Belly Binding for Diastasis Recti: To Bind or Not to Bind?

Women ask us frequently about diastasis recti and belly binding here at the office.  They want to know more about what a diastasis recti is and how to fix it. Recently, there has been a lot of information online that encourages women to use a belly binder for diastasis recti. Some suggest to use an abdominal brace after baby to help “heal” a diastasis and to flatten your postpartum tummy quickly.  However, belly binding may not be the best option for everyone. In fact, it can actually lead to more issues postpartum. Read on to clear up these misconceptions floating around the internet and to learn what you should do with a diastasis recti.

What is Diastasis Recti (DRA)?

Diastasis rectus abdominis (DRA) is a condition where the rectus abdominis muscle (aka the “6 pack ab muscle”) separates down the middle.  Most often this separation occurs during pregnancy, but it can also occur with significant weight gain or increased muscle tone in the abdomen.  

Women most commonly notice the effects of DRA postpartum.  You might notice a “dome” effect when attempting to sit up from lying flat on your back, but not always. Some women experience pain in the core or low back. However, pain is not always associated with this condition.

Misconceptions About Belly Binding for Diastasis Recti

There are many different choices when it comes to braces and binders for women to wear postpartum. Some people claim that a binder will close the abdominal separation and heal a diastasis recti.  We get asked this question all the time at the office: Which binder is the best?

Unfortunately, improving the gap in the muscle is not as easy as just wearing a binder.  In fact, for a lot of moms, it can make the issues worse. This is because a binder or brace will increase abdominal pressure and can lead to more pelvic floor dysfunction.

While there are some instances that call for wearing an abdominal binder, most often moms are better off without one.

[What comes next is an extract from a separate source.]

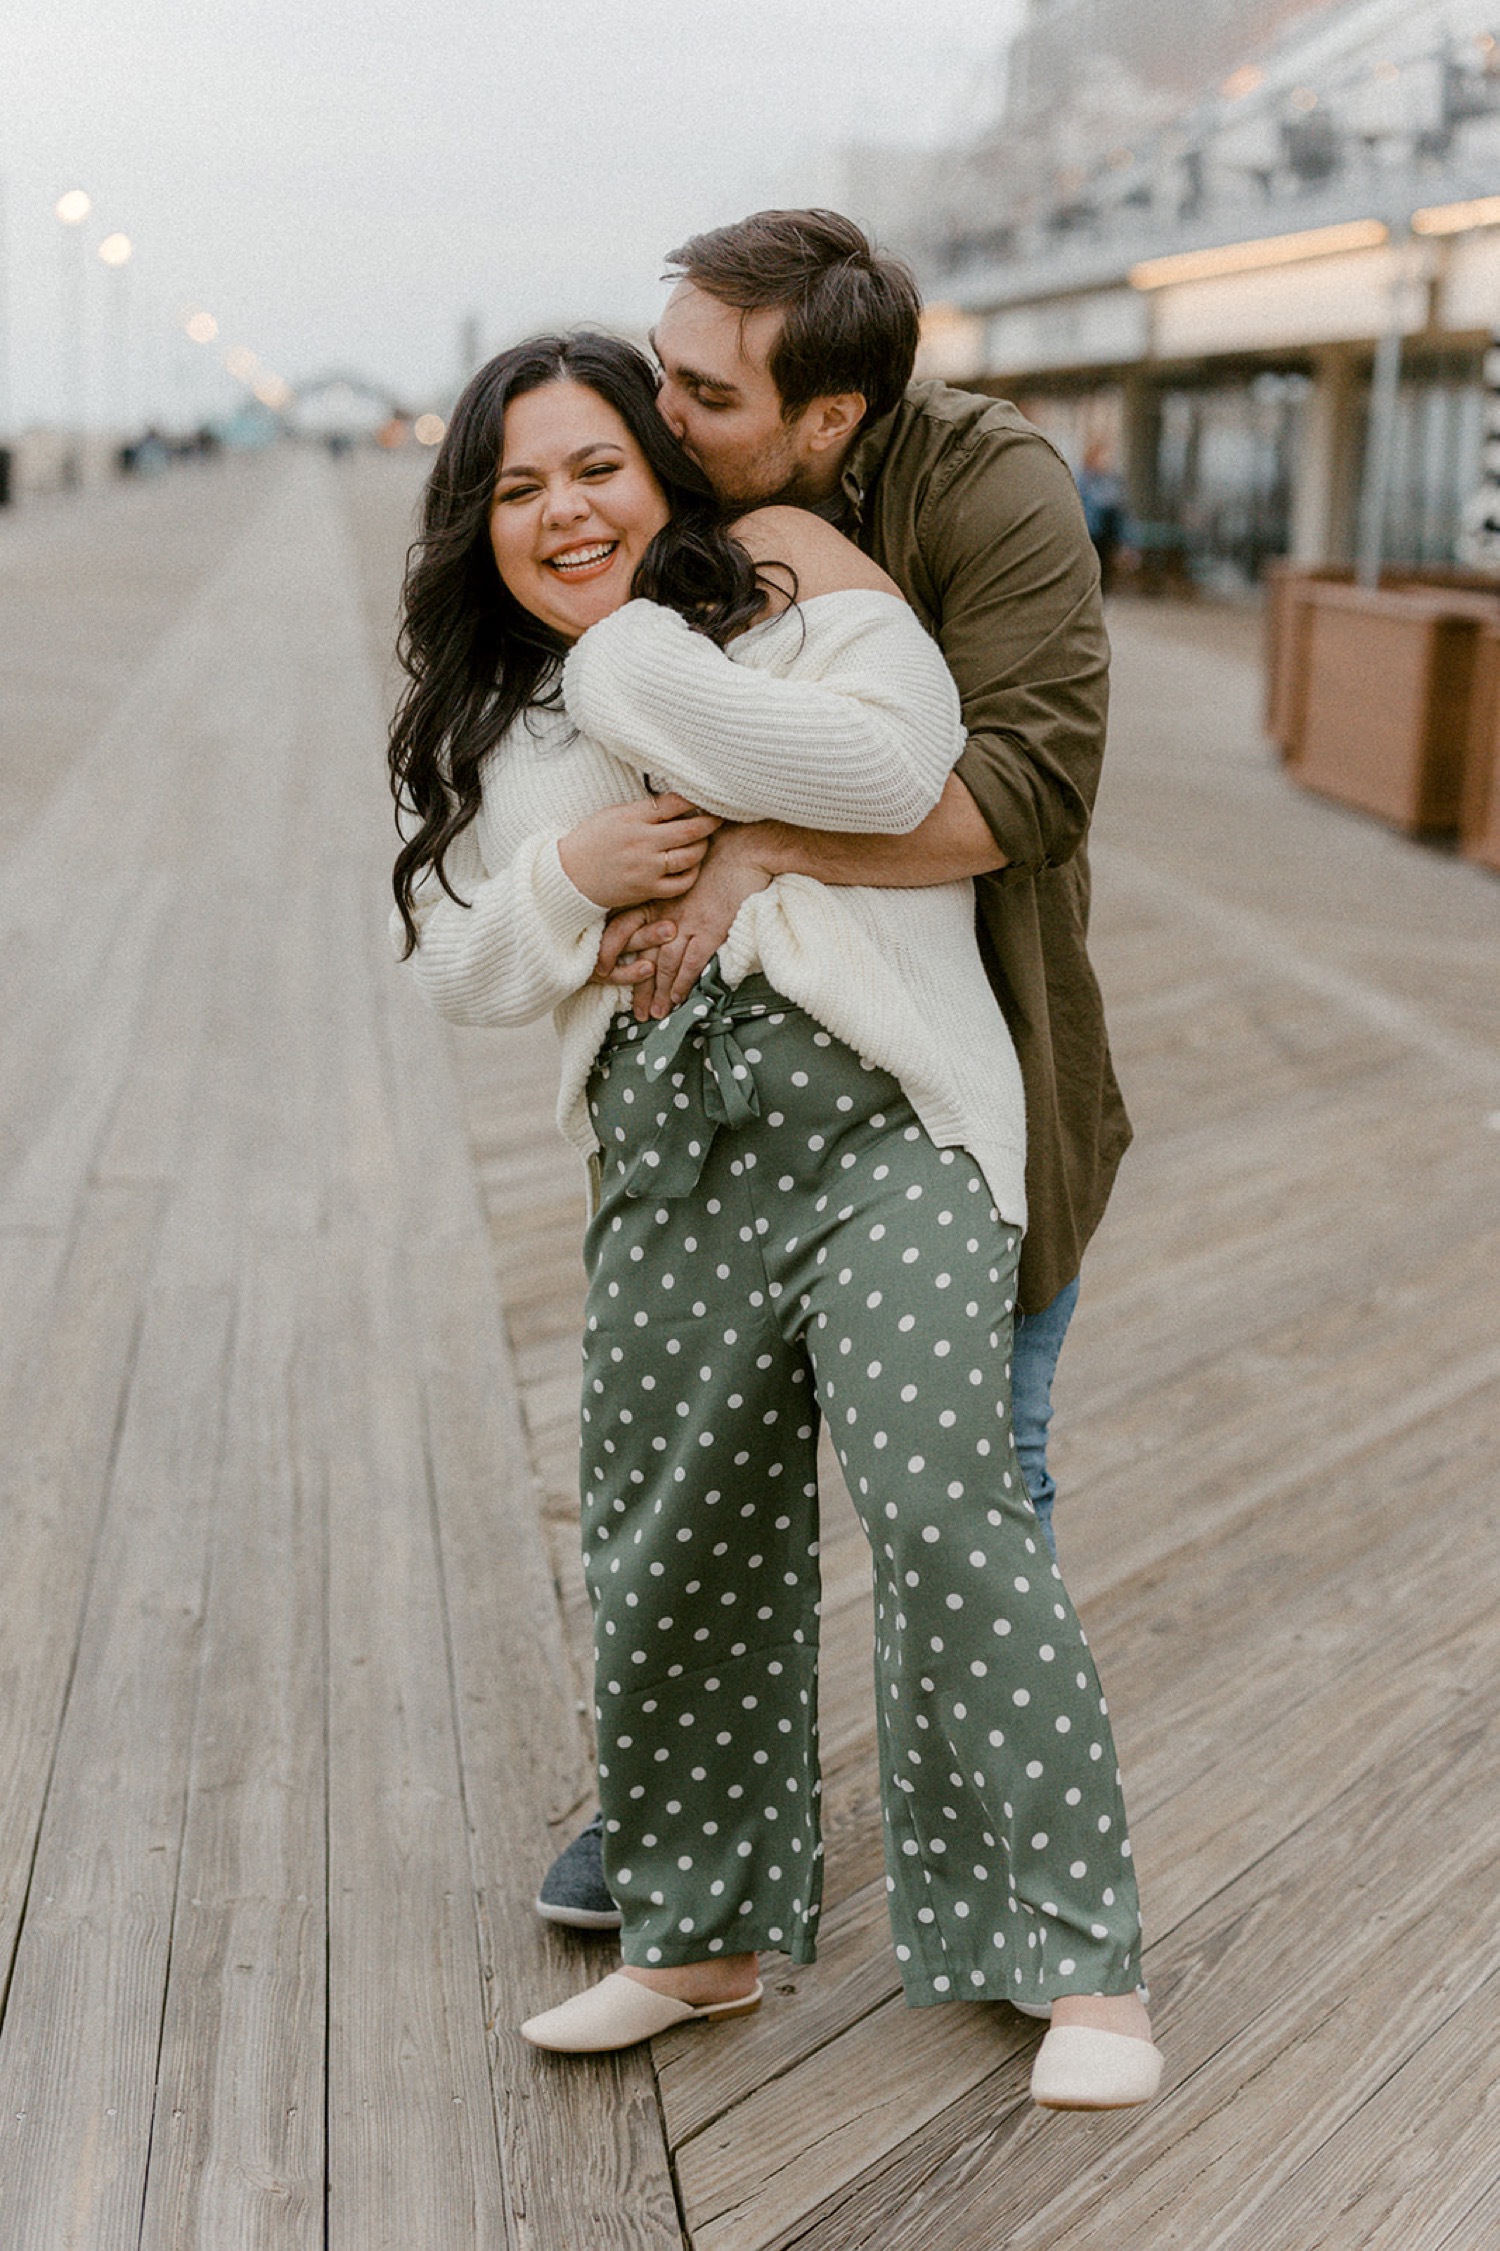 couple laughing swaying embrace on boardwalk cozy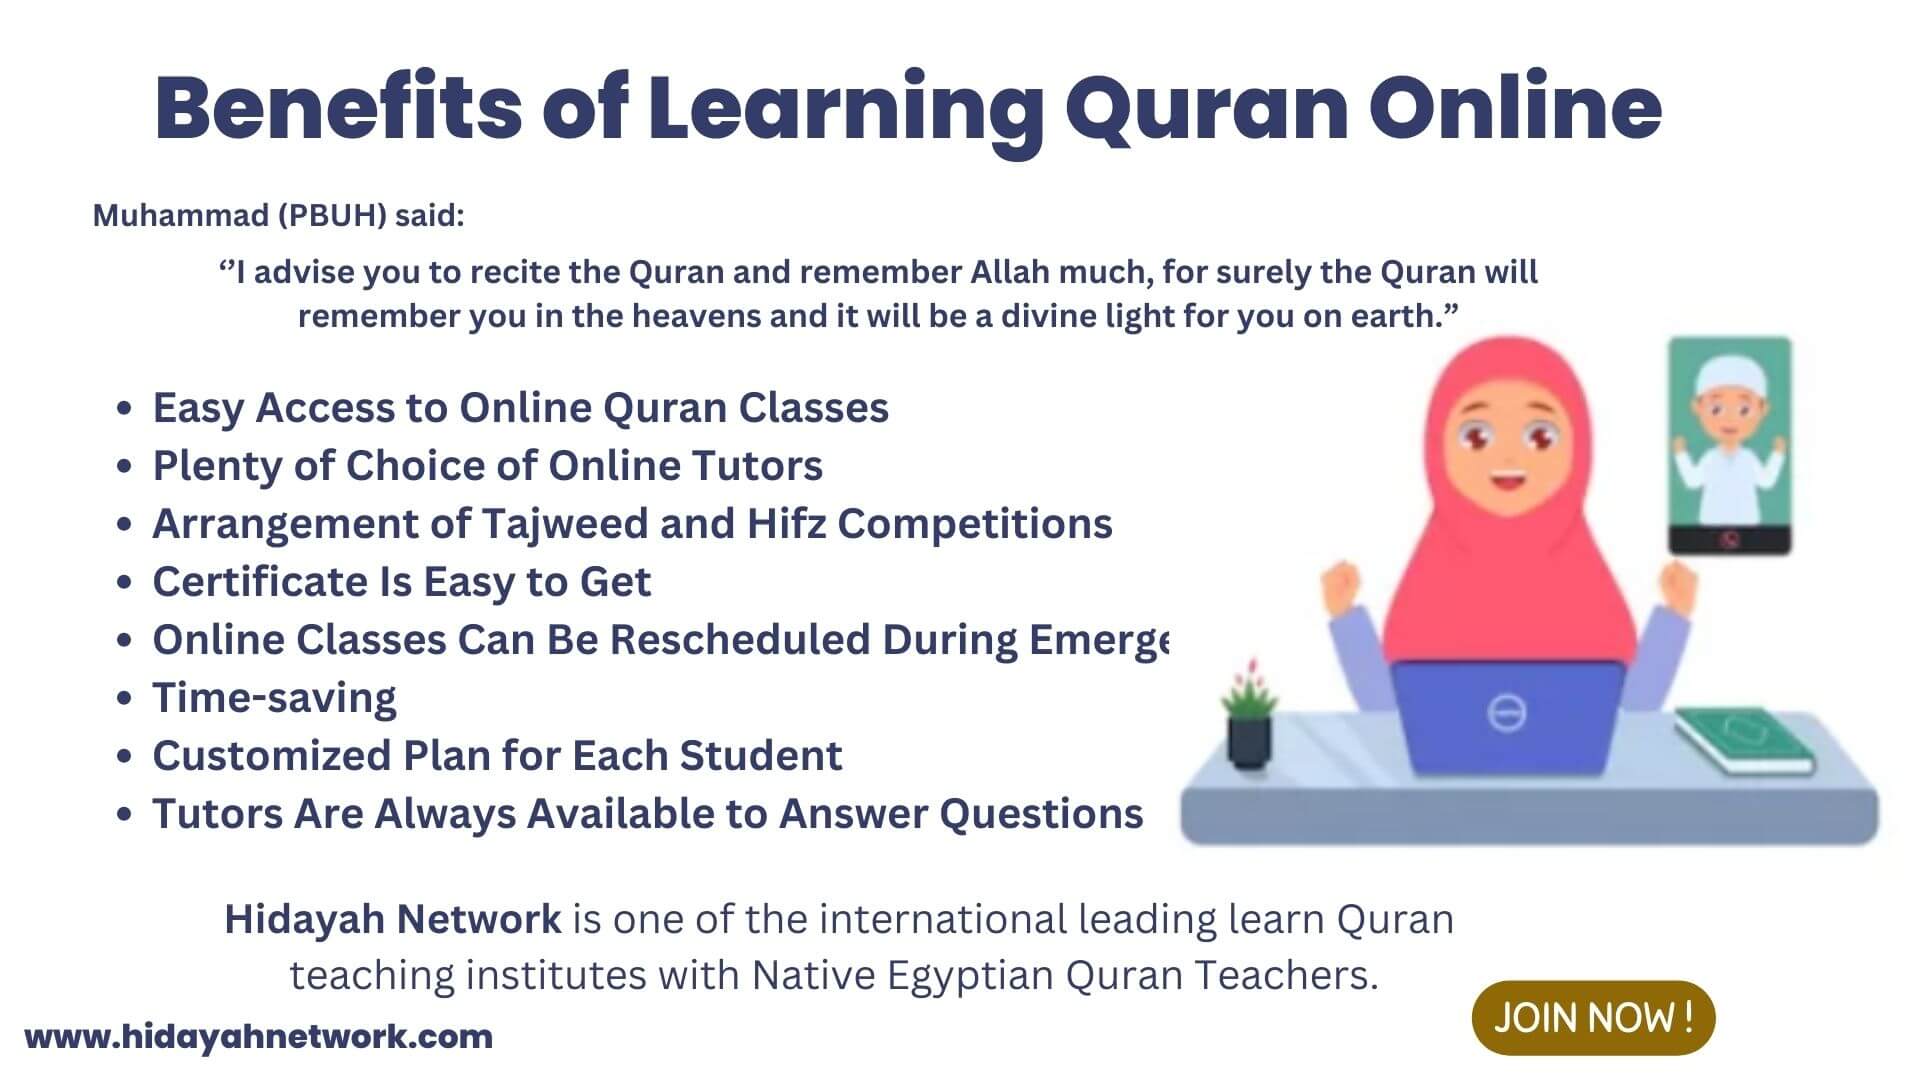 Benefits of Learning Quran Online

When is a belly binder a good idea?

A physical therapist may recommended a binder if there is pain or discomfort associated with the condition. It could be especially helpful if that pain is limiting everyday activities, such as lifting or childcare activities.  In this case, the binder will help the mom to be able to function with less pain. However, it is still imperative to pair physical therapy (PT) treatment with the use of the binder to continue to address the actual issue.

One of the concerns with wearing a binder, or any brace, is that the muscles underneath the binder can relax. They start to take a break from supporting your back, which can lead to weakness of these muscles. Therefore, it is best not to wear the binder 24/7. This will help prevent this weakness from occurring.  It is best worn only for activities and only as a short-term solution until the muscles can get stronger.

Solutions for Diastasis Recti

There is so much information out there about what to do to “fix” a DRA, and it can be really confusing.  Most sources tell women to avoid sit ups, twisting movements, or any abdominal exercise or contraction against gravity.  

These suggestions just aren’t realistic or functional for new moms!  

With that being said, it is beneficial to limit sit ups or various twisting exercises during the healing phase postpartum or while undergoing physical therapy. However, it doesn’t mean you can never perform those exercises again. Watch our “Diastasis Recti Exercise Modifications” Video HERE!

Core exercise also depends on a mom’s baseline level of strength and how her DRA responds to certain movements and exercises.

Not only is it important to have an individualized set of exercises, but if you are having pain or notice a bulge down the middle of the abdomen, a physical therapy evaluation would be highly recommended. A specialist in pregnancy/postpartum or the pelvic floor is trained to look for other contributing factors that could be limiting the healing of the DRA.

Despite what the media portrays, the goal of completely closing the "gap" between the muscles may not always be realistic. Each body is different, and there isn't a standard when it comes to the amount that a gap will close. With physical therapy, our goal is typically to get you stronger and back to the activities you enjoy the most without pain or symptoms.